#ubuntu-us-wa 2011-10-18
<bkerensa> valorie: Check these out http://ubuntuone.com/1rNsX3AhvD0x0OtUJRy6XV
<valorie> I didn't find you a shirt yet
<valorie> but I'll work on it
<bkerensa> valorie: :D ok have fun down there in Mountain View
<valorie> working hard here, and trying to caffeinate
<valorie> when is your party?
<bkerensa> valorie: Saturday from 5pm to 7pm
<shannonlucas> bkerensa: Those are nice!
<bkerensa> shannonlucas: Yeah we made some white shirts for Global Jam
<bkerensa> I think every event release party and global jam we will try and have shirts
<bkerensa> "D
#ubuntu-us-wa 2011-10-19
<ievans3024> anybody here also a part of a local fsf community?
<bkerensa> Anyone have a laptop and know there average CPU temp?
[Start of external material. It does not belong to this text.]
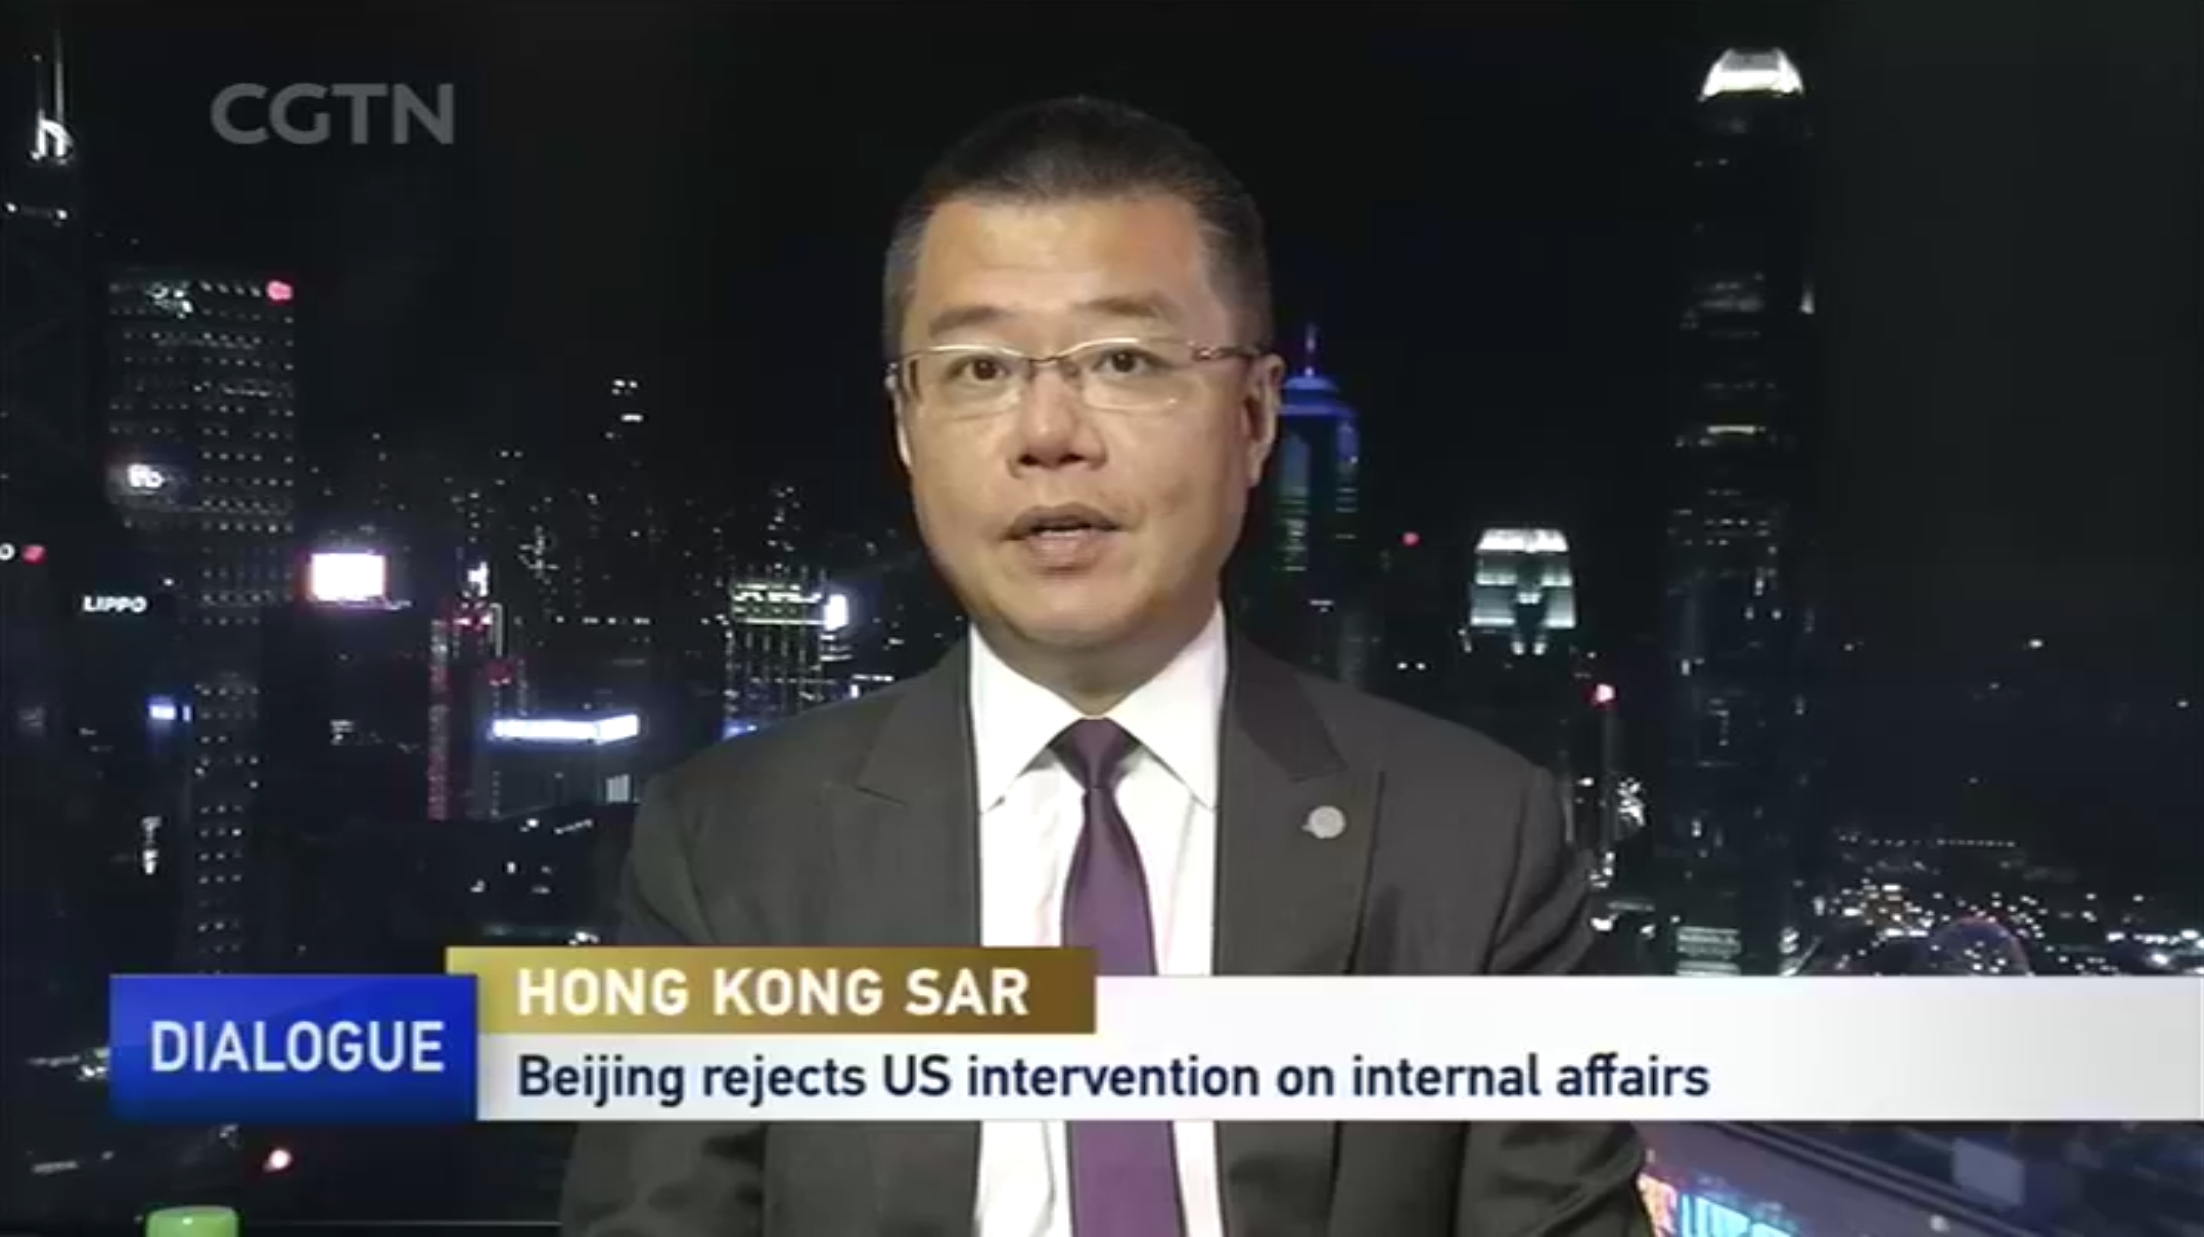 Dialogue: Beijing rejects US intervention on internal affairs
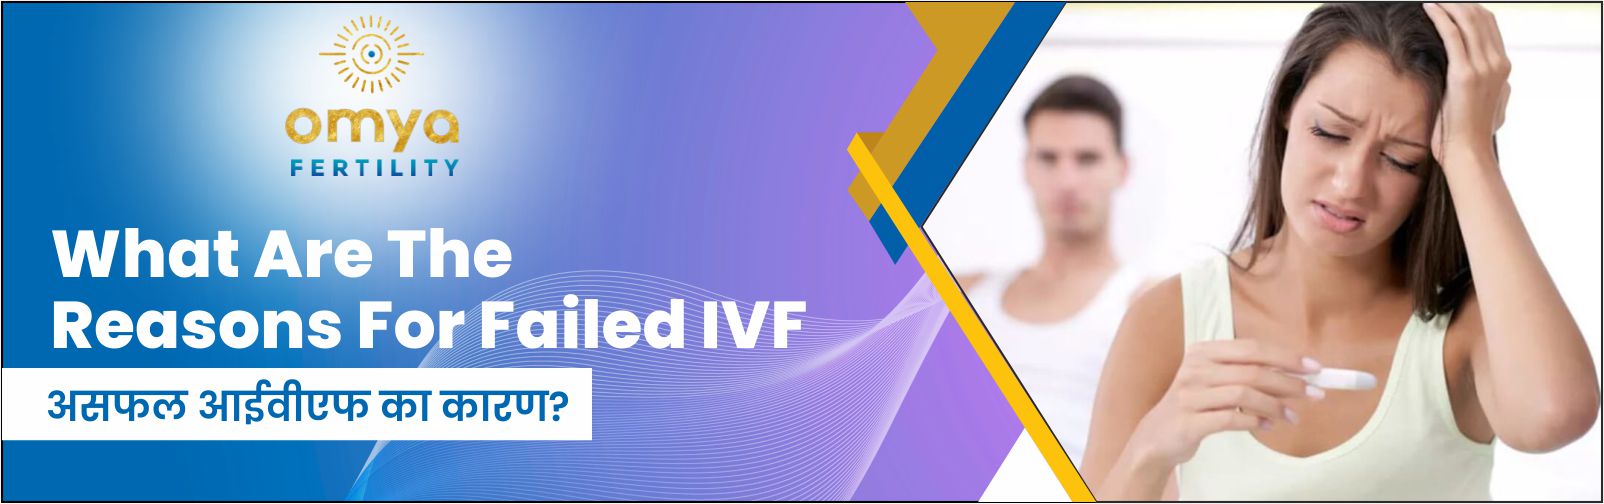 What Are The Reasons For Failed IVF: असफल आईवीएफ का कारण?

Via like acpi -V?
<valorie> $ acpi -V
<valorie> Battery 0: Full, 100%
<valorie> Battery 0: design capacity 5100 mAh, last full capacity 4979 mAh = 97%
<valorie> Adapter 0: on-line
<valorie> Thermal 0: ok, 86.0 degrees C
<valorie> Thermal 0: trip point 0 switches to mode critical at temperature 105.0 degrees C
<valorie> Thermal 0: trip point 1 switches to mode hot at temperature 100.0 degrees C
<valorie> Cooling 0: LCD 0 of 10
<valorie> Cooling 1: Processor 0 of 3
<valorie> Cooling 2: Processor 0 of 10
#ubuntu-us-wa 2011-10-20
<bkerensa> Good Night
<ievans3024> a co-worker of mine (the guy who supports the registers and many workstations at my work,) has been implementing ubuntu to do so for a while now
<ievans3024> any suggestions on introducing him to the idea of joining the loco?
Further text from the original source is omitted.